Dutch art detective recovers stolen Picasso painting after 20 years

Arthur Brand, a man nicknamed the “Indiana Jones of the art world,” has done it again.

The Dutch art historian and art crime investigator recently located Pablo Picasso’s Portrait of Dora Maar ( also known as Buste de Femme) after it was stolen from a Saudi sheikh’s yacht on the French Riviera in 1999.

The 1938 painting, which hung in Picasso’s home until he died in 1973, had a personal significance to the artist: Dora Maar was his lover and muse for seven years.

According to the BBC, Brand began searching for the rare masterpiece — believed to be worth $28 million — about four years ago when he heard that a “Picasso stolen from a ship” was believed to circulating in the Netherlands criminal underworld.
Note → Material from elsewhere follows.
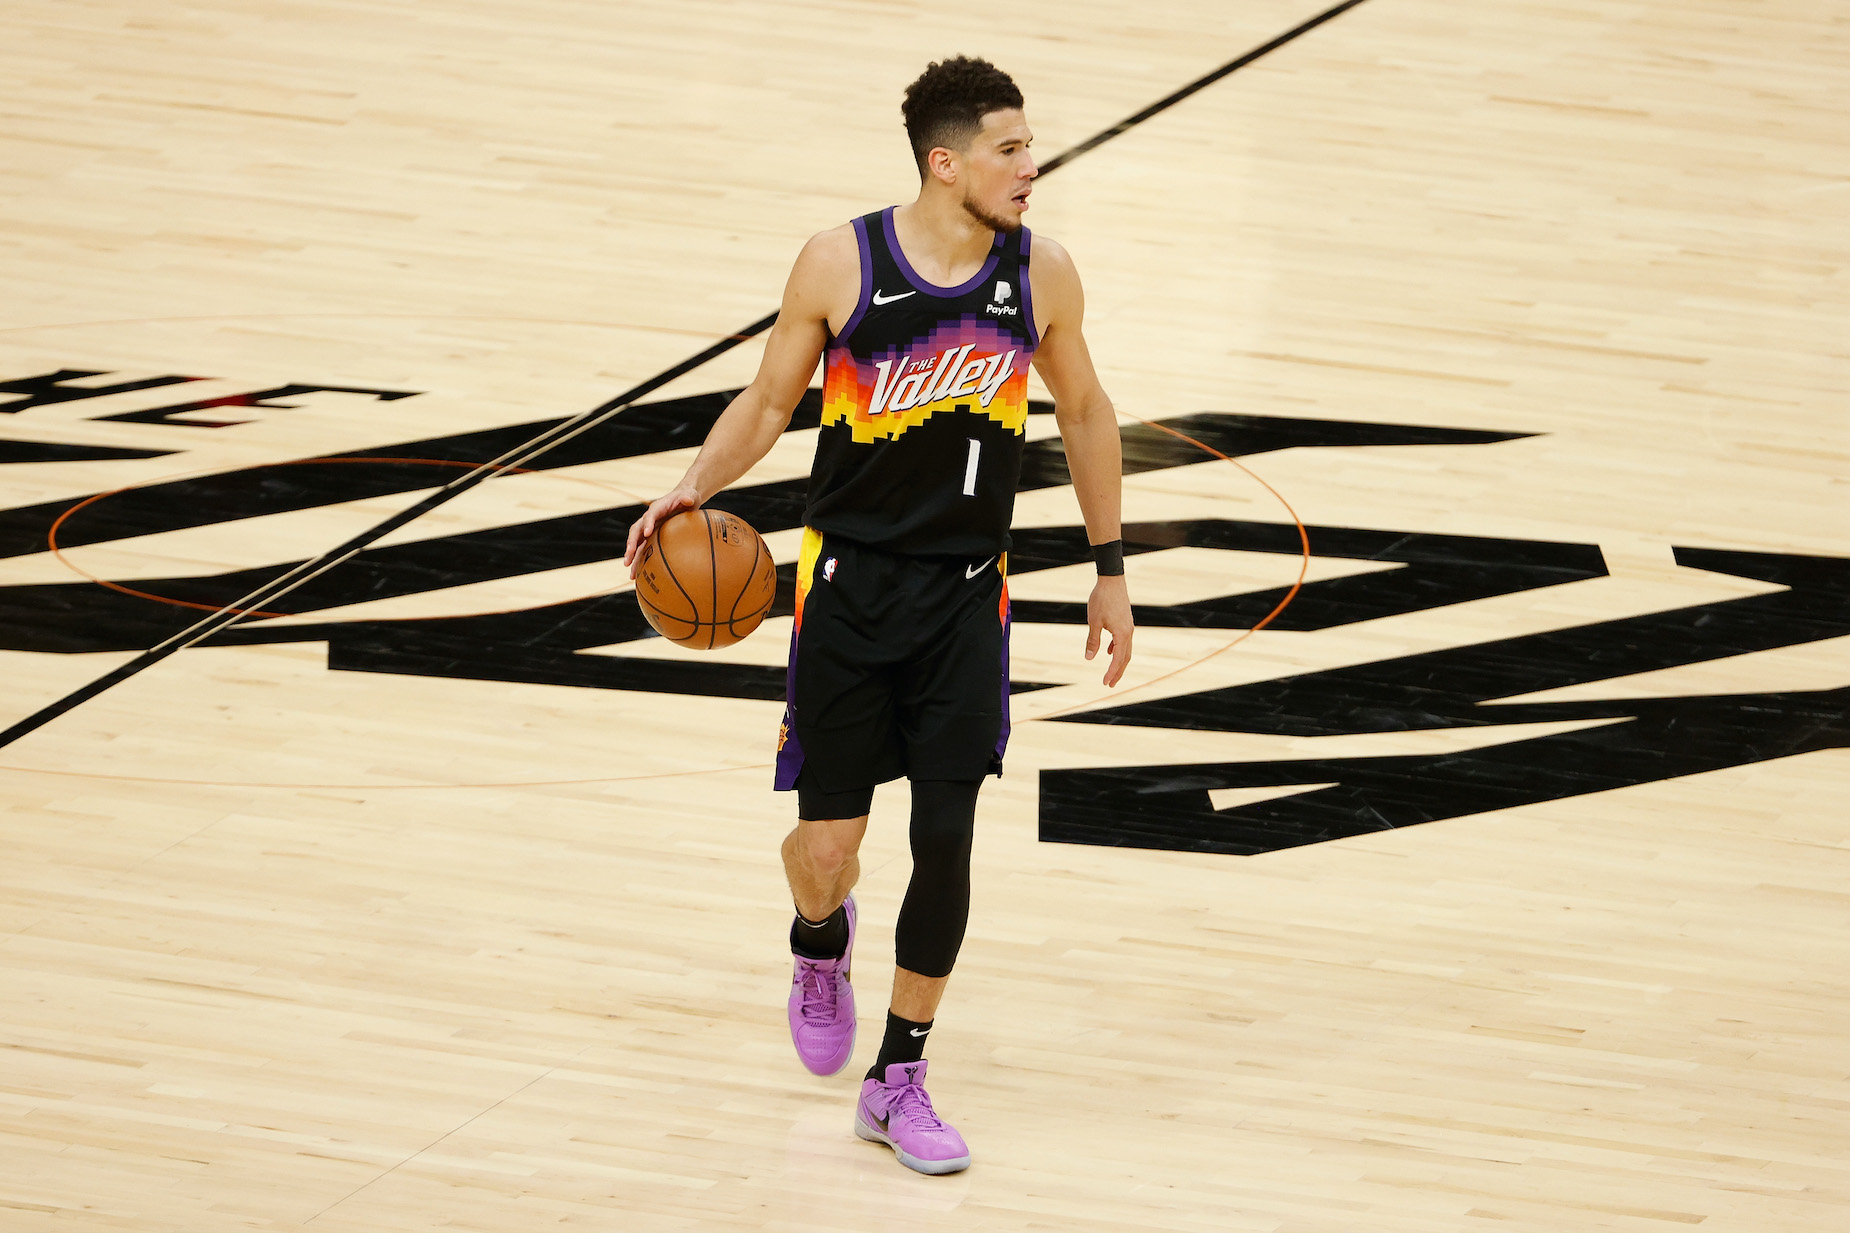 Phoenix Suns guard Devin Booker dribbles the ball during a 2021 NBA playoff game.

Arthur Brand told the Associated Press that he took possession of the 1938 painting Buste de Femme two weeks ago after trailing it for years in Amsterdam.

Brand, whose previous finds include a pair of bronze horses sculpted for Adolf Hitler, has since handed over the painting, which he estimates to be worth around €25m (£21.3m), to an insurance company. It was not immediately clear what would happen to the painting.
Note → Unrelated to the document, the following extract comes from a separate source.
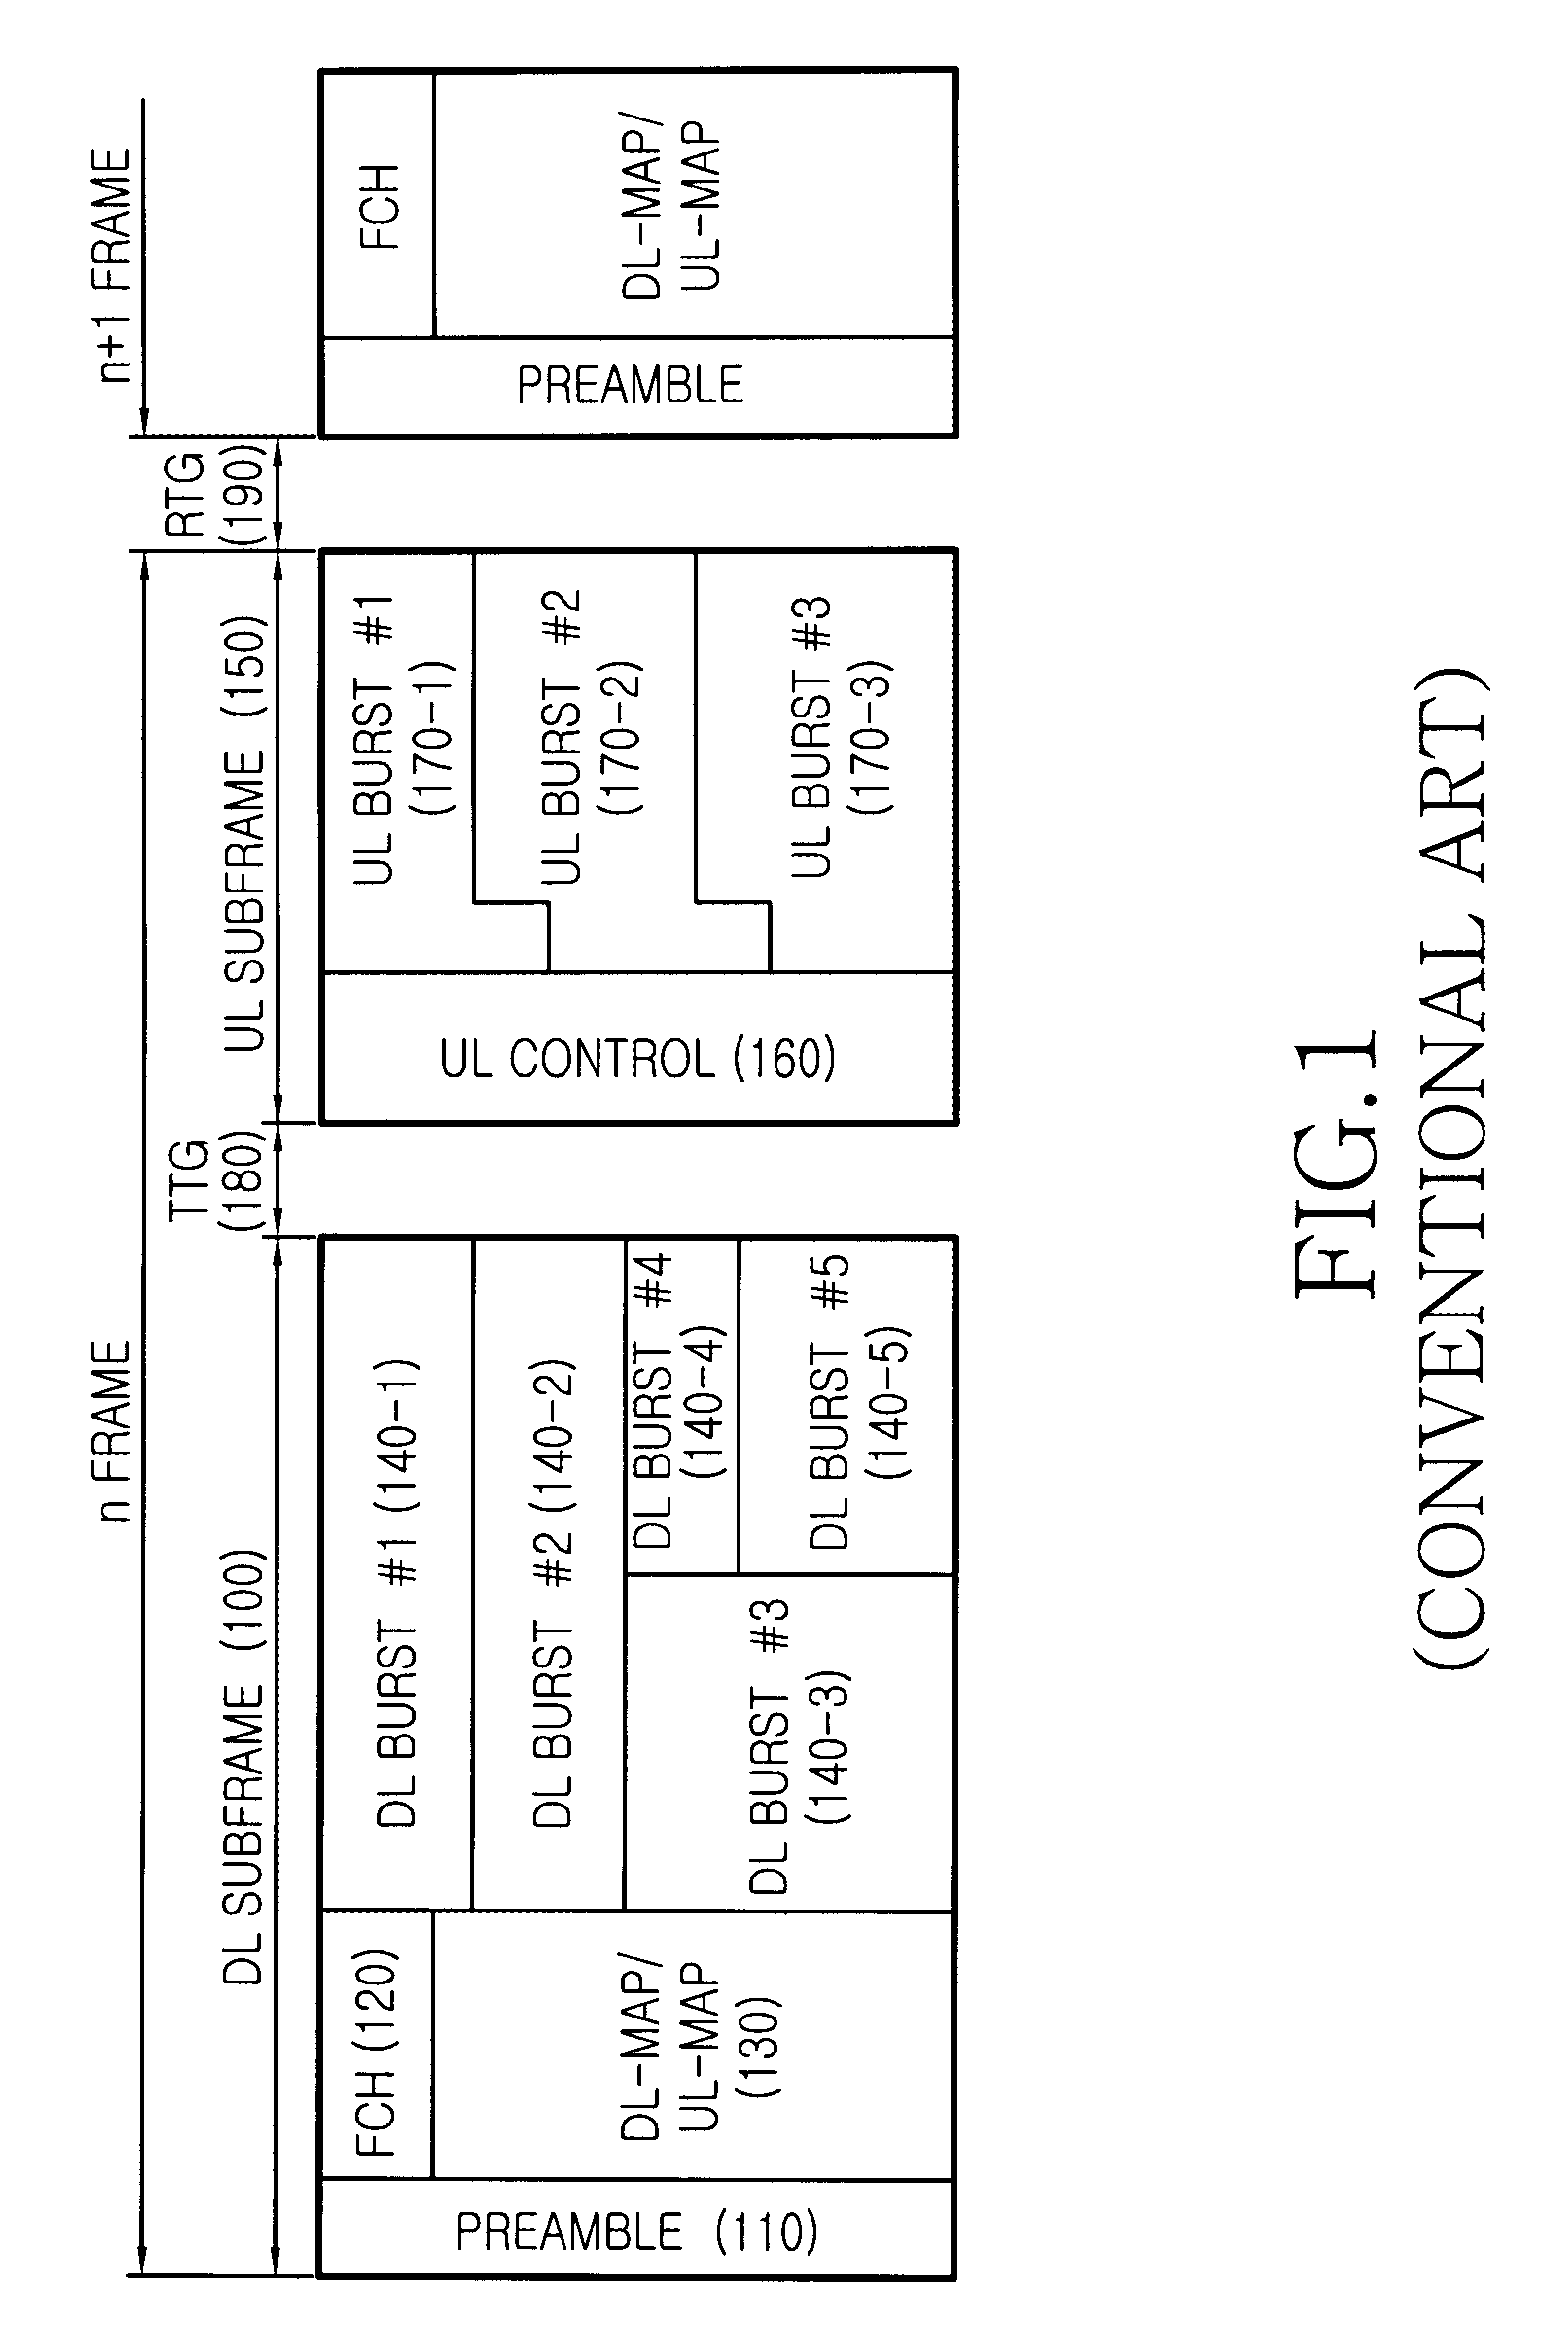 Method and system for configuring a frame in a communication system

Brand said he knew it was the real thing as soon as he got his hands on it and peeled away two plastic bags covering the canvas. “You know it’s a Picasso because there is some magic coming off it,” he said.

He said that since the theft from a yacht moored in the French Riviera port of Antibes, a number of forgeries had been offered to insurers and rejected. “But a forger never knows how the back looks,” Brand said, without specifying what was there. “When I saw the back of the painting, I knew it was the real one.”

Brand said the painting had circulated in the criminal underworld of the Dutch capital. “It was used as some kind of money as payment for drug and arm deals,” he said.

Eventually a person who had the painting in their possession decided to turn it in and reached out to Brand. “[The businessman] thought the Picasso was part of a legitimate deal. It turns out the deal was legitimate — the method of payment was not,” Brand told AFP.